How will we know when we get exactly the right amount of civil litigation?

Several groups publish numbers on how much lawsuits cost Americans each year.  They also emphasize the millions that lawyers earn.  These yardsticks imply that we have too many legal actions.

Lawyer associations and consumer groups on the other hand tend to emphasize the unquantifiable value of justice and its essential role in American democracy and self-governance.

Who has it right?  Blawgletter says neither.  Let the jury decide.

Cases go to verdict so seldom any more that juries play just a tiny role in separating wheat from chaff, lawsuit-wise, and in establishing the line between arguable and frivolous.

The Vioxx cases illustrate the utility of trial by jury.  Drug maker Merck decided to try, rather than quickly settle, claims of heart damage and other injuries from taking the pain killer.  Merck won more verdicts than it lost, driving the potential cost of litigation way down and saving it many billions of dollars.

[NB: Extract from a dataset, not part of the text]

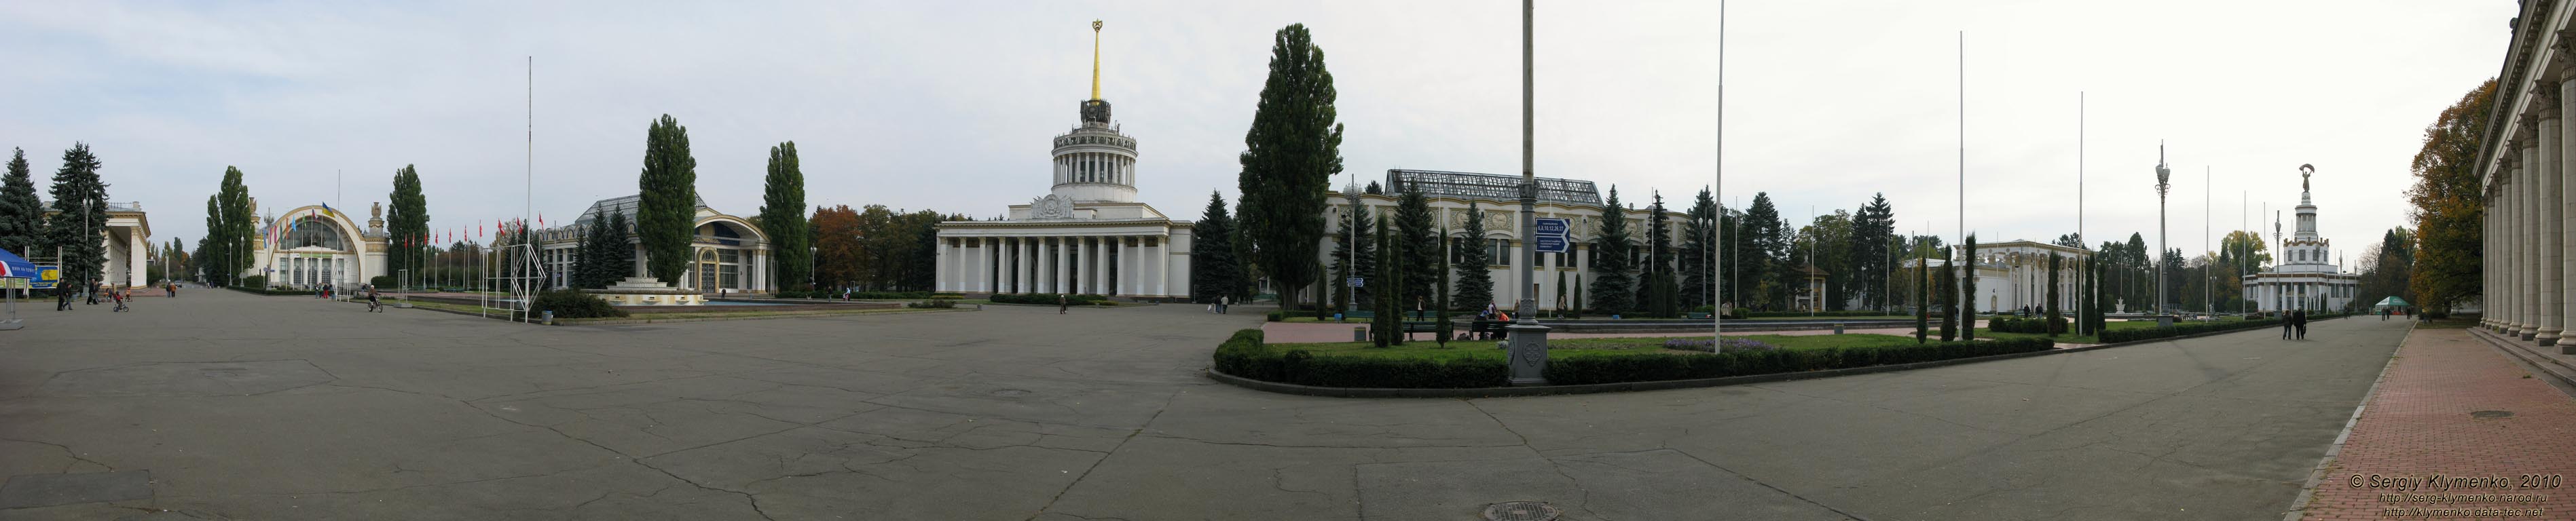 Фото Киева. Национальный комплекс «Экспоцентр Украины». Главная площадь (панорама ~180°).

Those who doubt the effectiveness of the civil justice system do much worse than castigating rich contingent fee lawyers when they cast doubt on the intelligence, the fairness, the reliability of juries.  We think that, as in the Vioxx cases, more juror input makes sensible outcomes more likely rather than less.

Civil litigation has become nasty, brutish, and long.  Having trials will do much to reverse the trend — and maybe to reopen the court house doors to the natural supporters of civil justice, small businesses and the middle class.